During the last two decades, a major research effort has concentrated on

deciphering the action of thyroid hormone, retinoic acid, and their receptors in gene

regulatory networks that control photoreceptor development (Swaroop et al., 2010).

More recently, there has been interest in exploiting these agents to develop therapies

against congenital disorders of the retina and retinal injuries (Ooto et al., 2004; Mirabella

et al., 2005; Lin et al., 2012). In lower vertebrates, the roles of these ligands and their

receptors in establishing novel photoreceptors at metamorphosis (Hoke et al., 2006) has

received some attention (Mader and Cameron, 2006) but the field remains largely

unexplored. These endeavours, which have clinical (Lin et al., 2012) and industrial (e.g.,

in fish production, Power et al., 2001) applications require an understanding of

photoreceptor genesis and plasticity in the differentiated retina.

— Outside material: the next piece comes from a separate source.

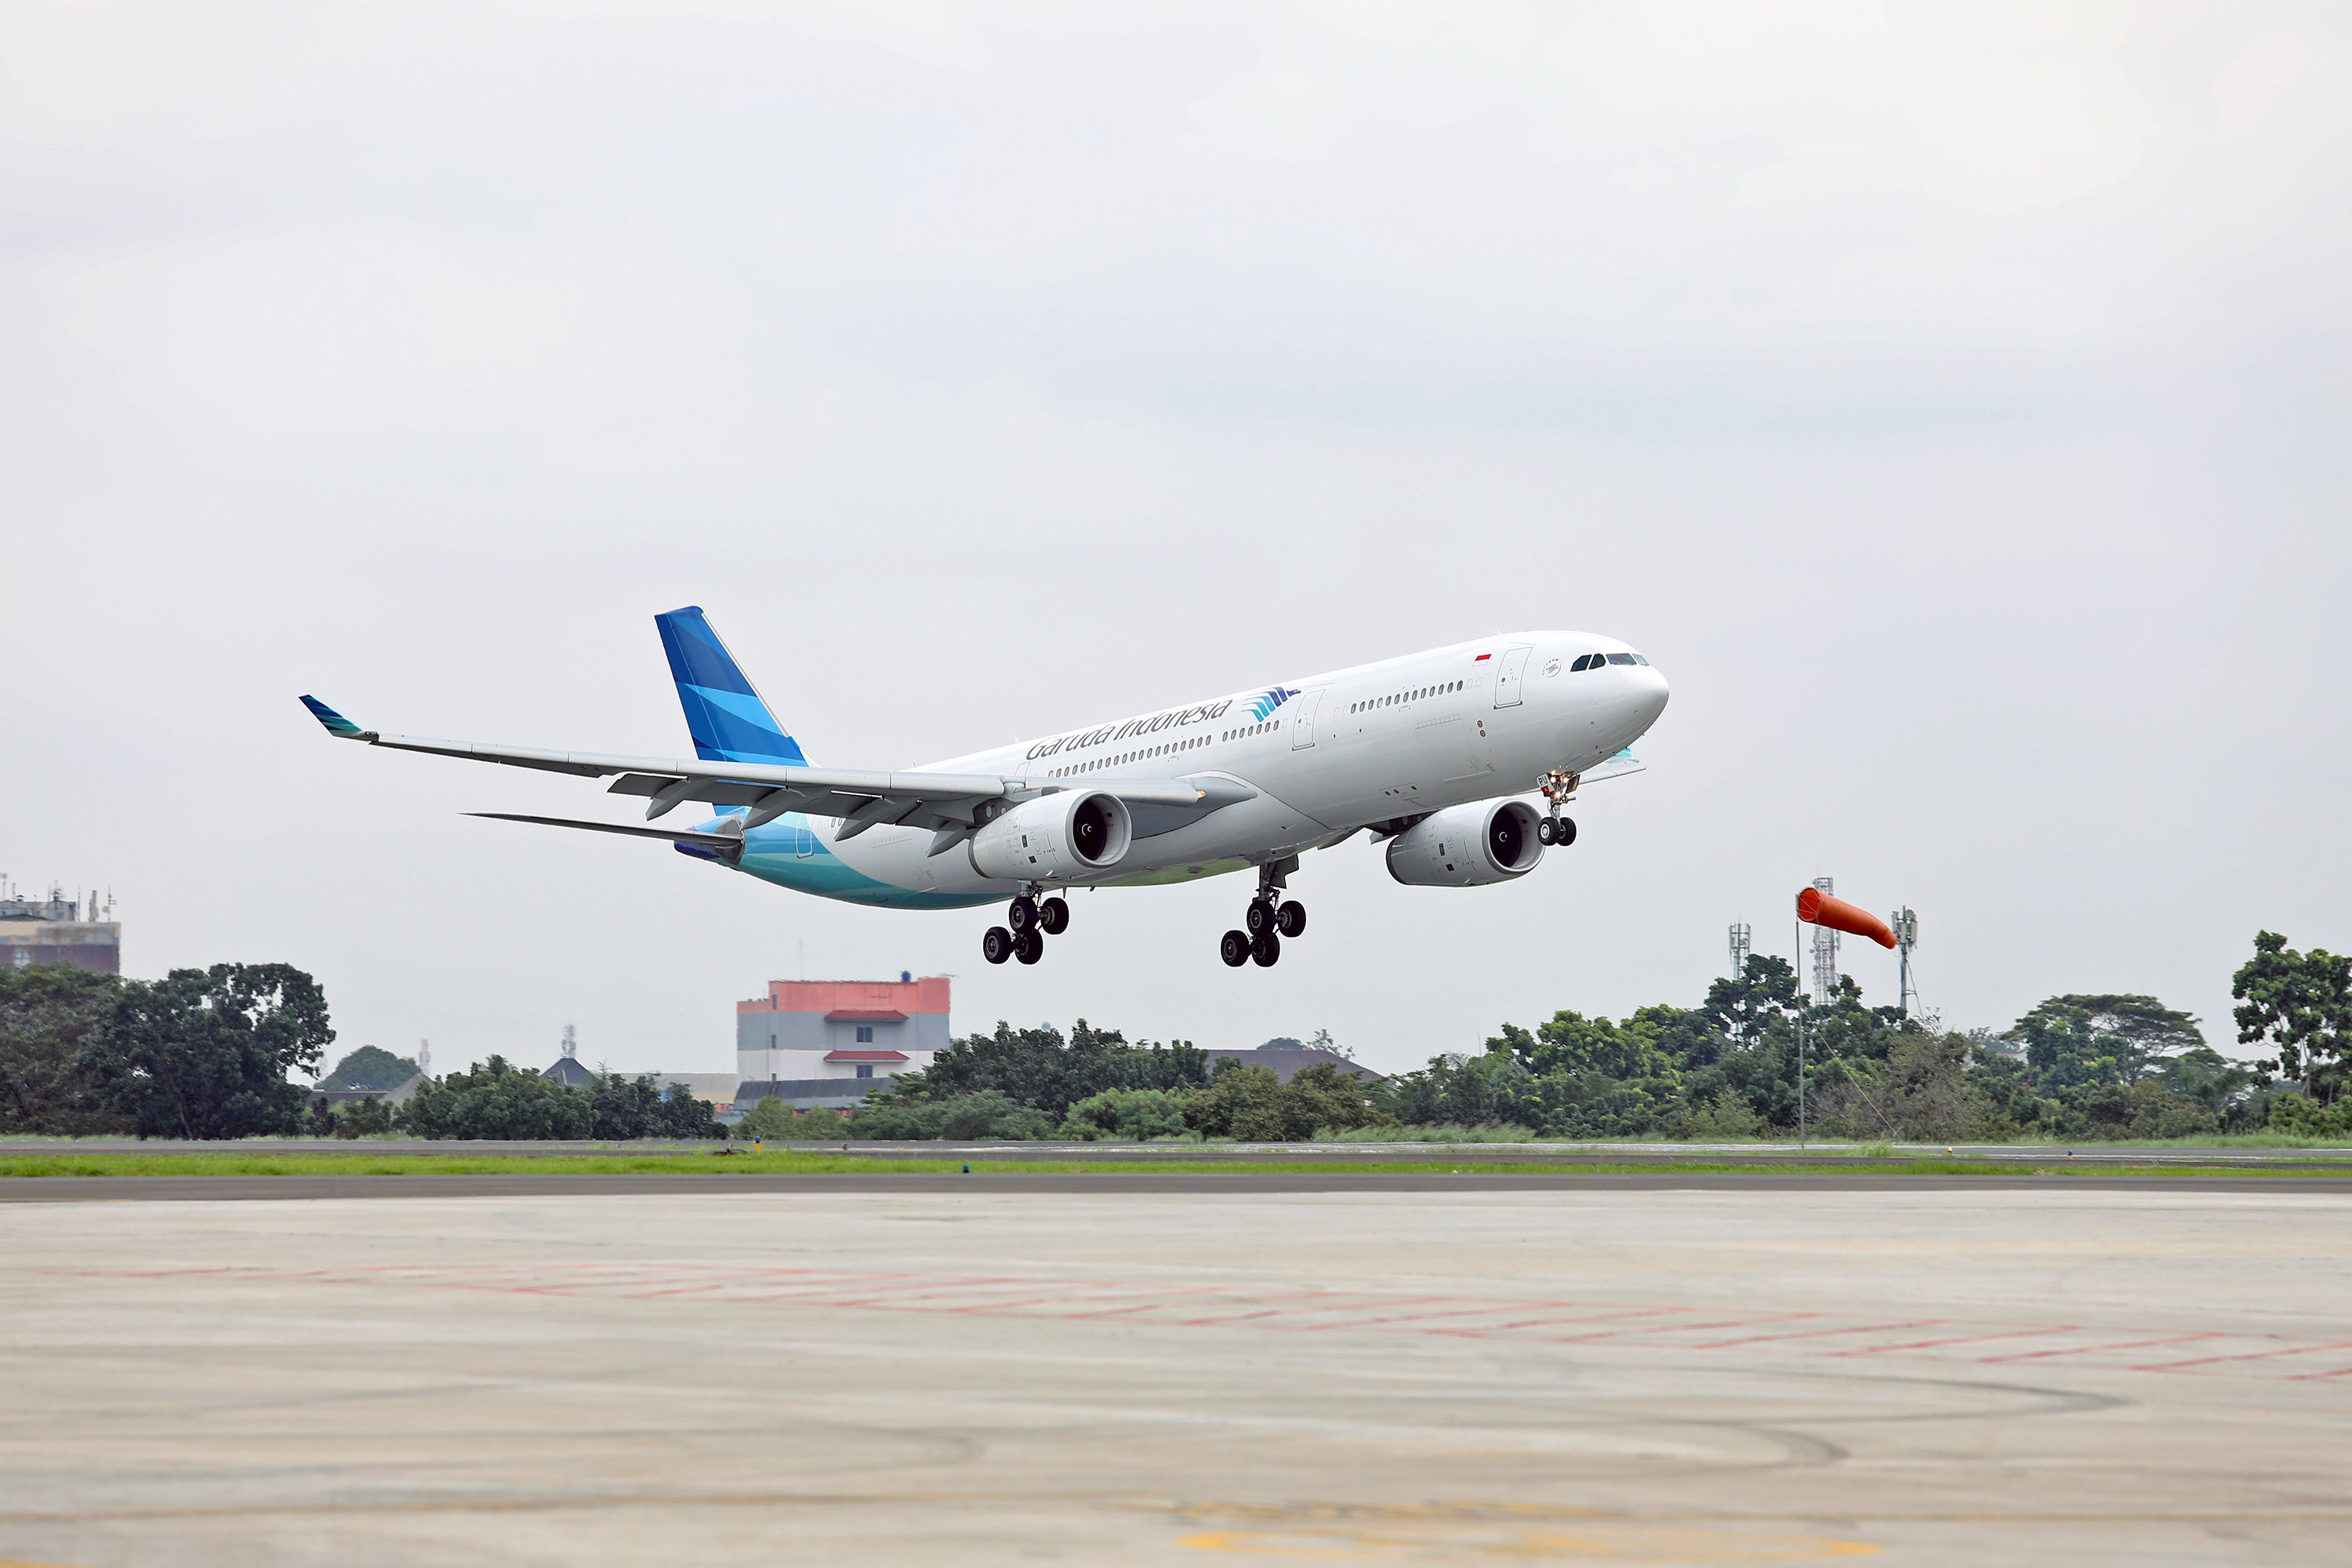 Pesawat Airbus A330-343 milik Garuda Indonesia dengan nomor penerbangan GA 7990 yang membawa Menko PMK Muhadjir Effendy, Kepala BNPB Letjen TNI Suharyanto S.Sos., M.M., bersama rombongan delegasi Indonesia dan tim kemanusiaan untuk Turkiye mendarat di Lanud Halim Perdanakusuma, Jakarta, Jumat (24/2).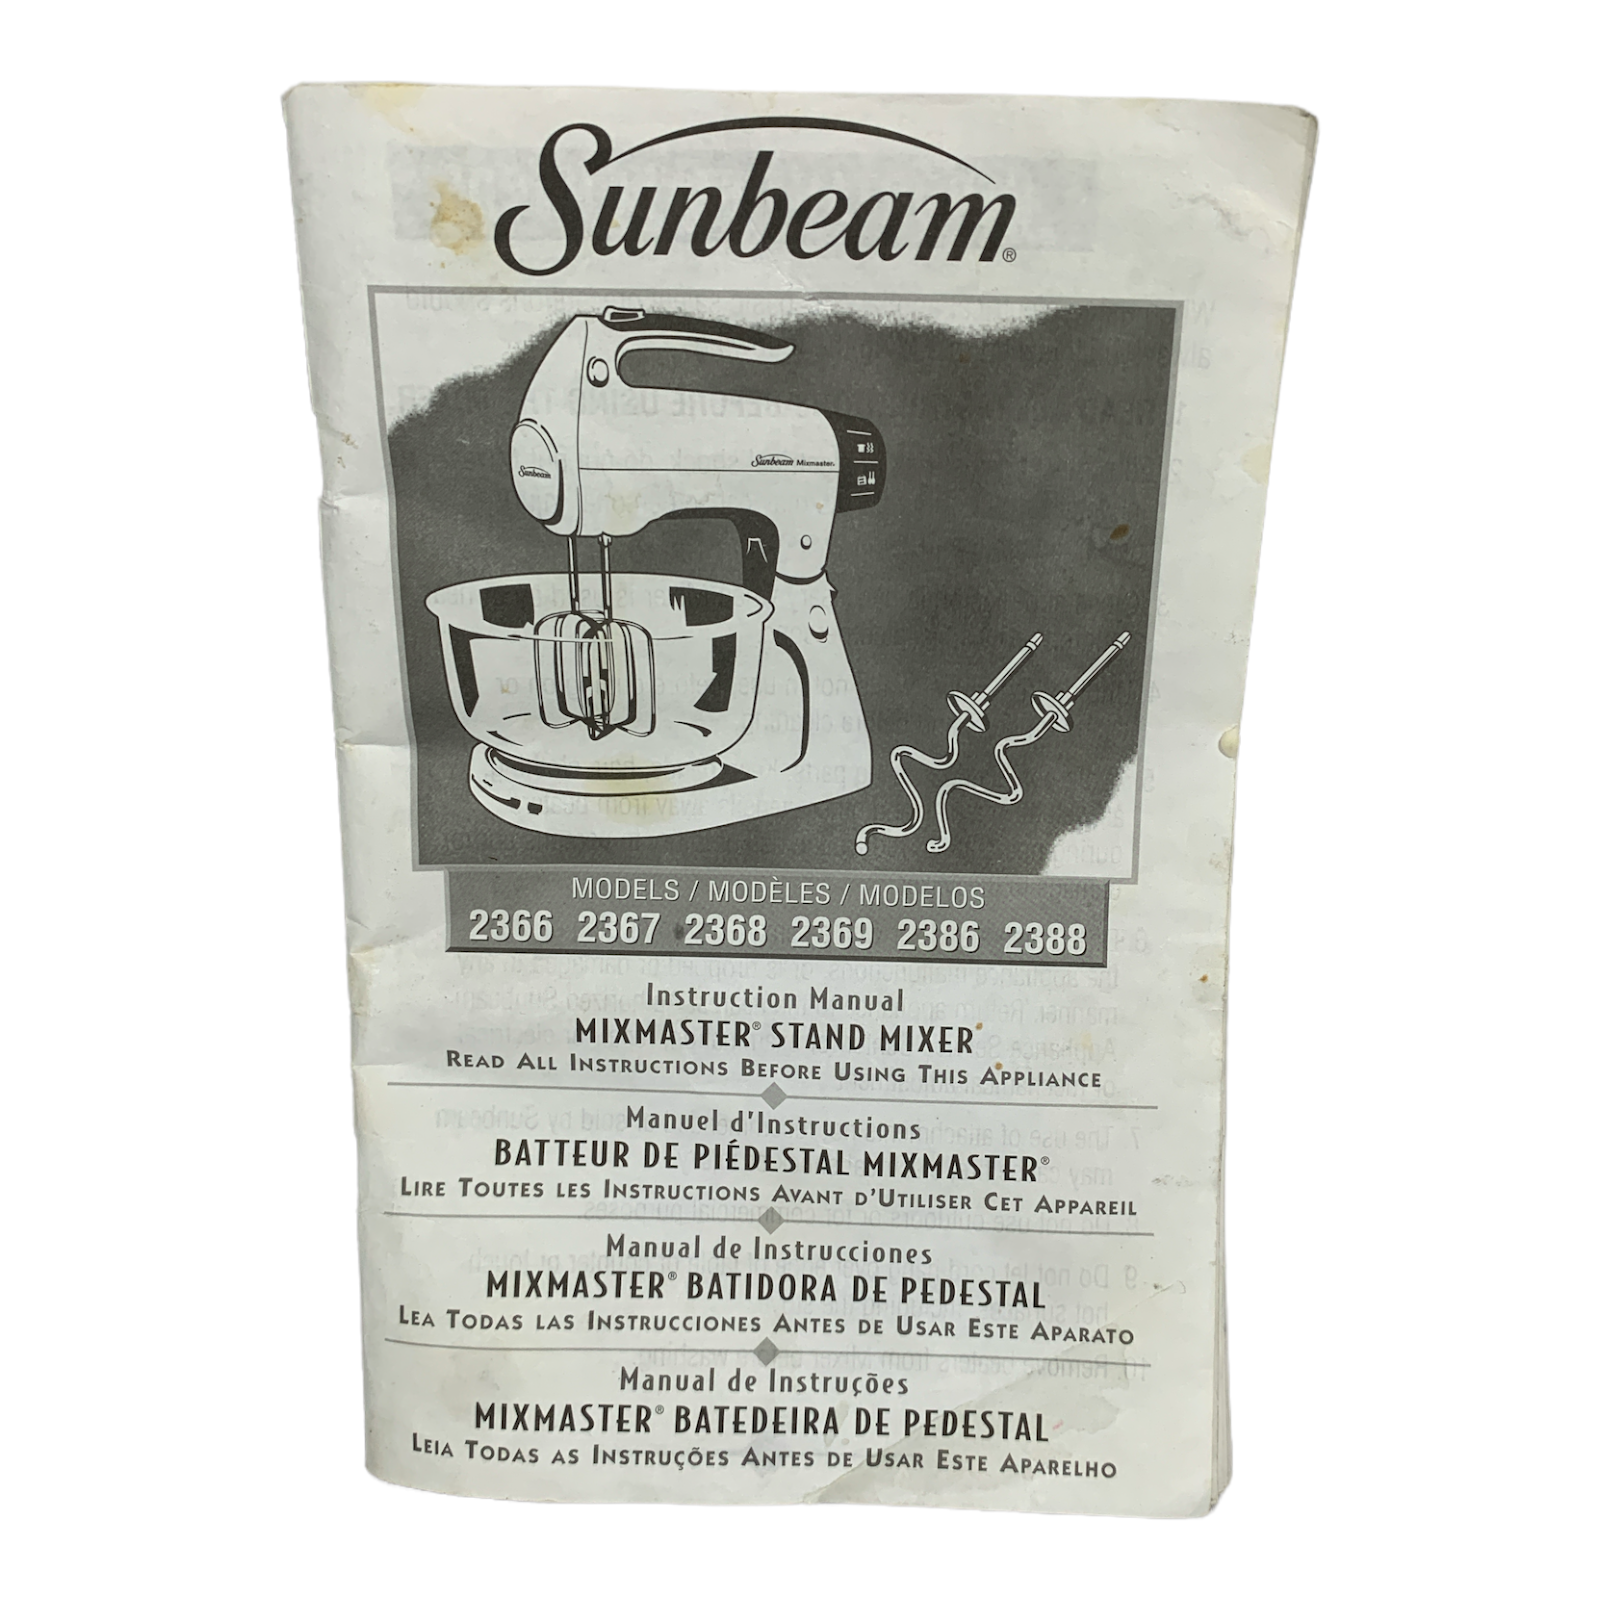 Sunbeam Mixmaster Mixer Instruction Owner Manual 2366 2367 2368 2386 2388 - $8.42

1.7. The life cycle of rainbow trout

The fertilized rainbow trout egg develops under the gravel for several months

before hatching as a yolk-sac alevin. Following yolk-sac absorption, the emerging fish,

termed an alevin, will progressively turn into another morph called parr (Groot and

Margolis, 1991). This stage is characterized by vertical marks along the fish's body, and,

during this time, ultraviolet (UV) cones will start transforming into blue cones and some

single (corner) cones will be lost from the ventral retina. During migration to the ocean,

the fresh-water dwelling parr becomes a salt-water tolerant smolt that eventually resides

5

in coastal waters. At this point in time, the majority of UV cones have transformed into

blue cones and corner cones have disappeared from most of the ventral retina (Cheng

et al., 2006, 2007; Cheng and Novales Flamarique, 2007). In some species, like the

sockeye salmon, Oncorhynchus nerka, the smolt will stay for several years in lakes

before migrating to the ocean. In nonanadromous salmonids like the rainbow trout,

Oncorhynchus mykiss, all life stages remain in freshwater.

1.8. Aims of the research

The similarities in opsin switches between rodents (Ng et al., 2001; Roberts et

al., 2006; Glaschke et al., 2010) and salmonid fishes (Cheng et al., 2007; Gan and

Novales Flamarique, 2010) led me to investigate whether opsin expression could be

modulated by thyroid hormone in the differentiated retina of rainbow trout (a salmonid

fish), as was recently demonstrated in the retina of adult rodents (Glaschke et al., 2011).

Retinoic acid could also influence opsin expression by modulating the activity of TR/RXR

heterodimers (Deeb and Liu, 2005). This ligand is known to promote the differentiation of

rods while inhibiting cone differentiation in the retinas of zebrafish and rodents

(McCaffery et al., 1992; Hyatt et al. 1996a,b; Kelley et al., 1999). In human and rat

retinal cell cultures treated with both retinoic acid and thyroid hormone, retinoic acid

induced a dose-dependent differentiation of progenitor cells into rods whereas thyroid

hormone promoted the differentiation of progenitor cells into cones (Kelley et al., 1994,

1995). Despite this evidence suggesting a dynamic equilibrium between both ligands in

determining photoreceptor differentiation and/or opsin expression, nothing is known

about the effects of retinoic acid on opsin expression in the differentiated retina.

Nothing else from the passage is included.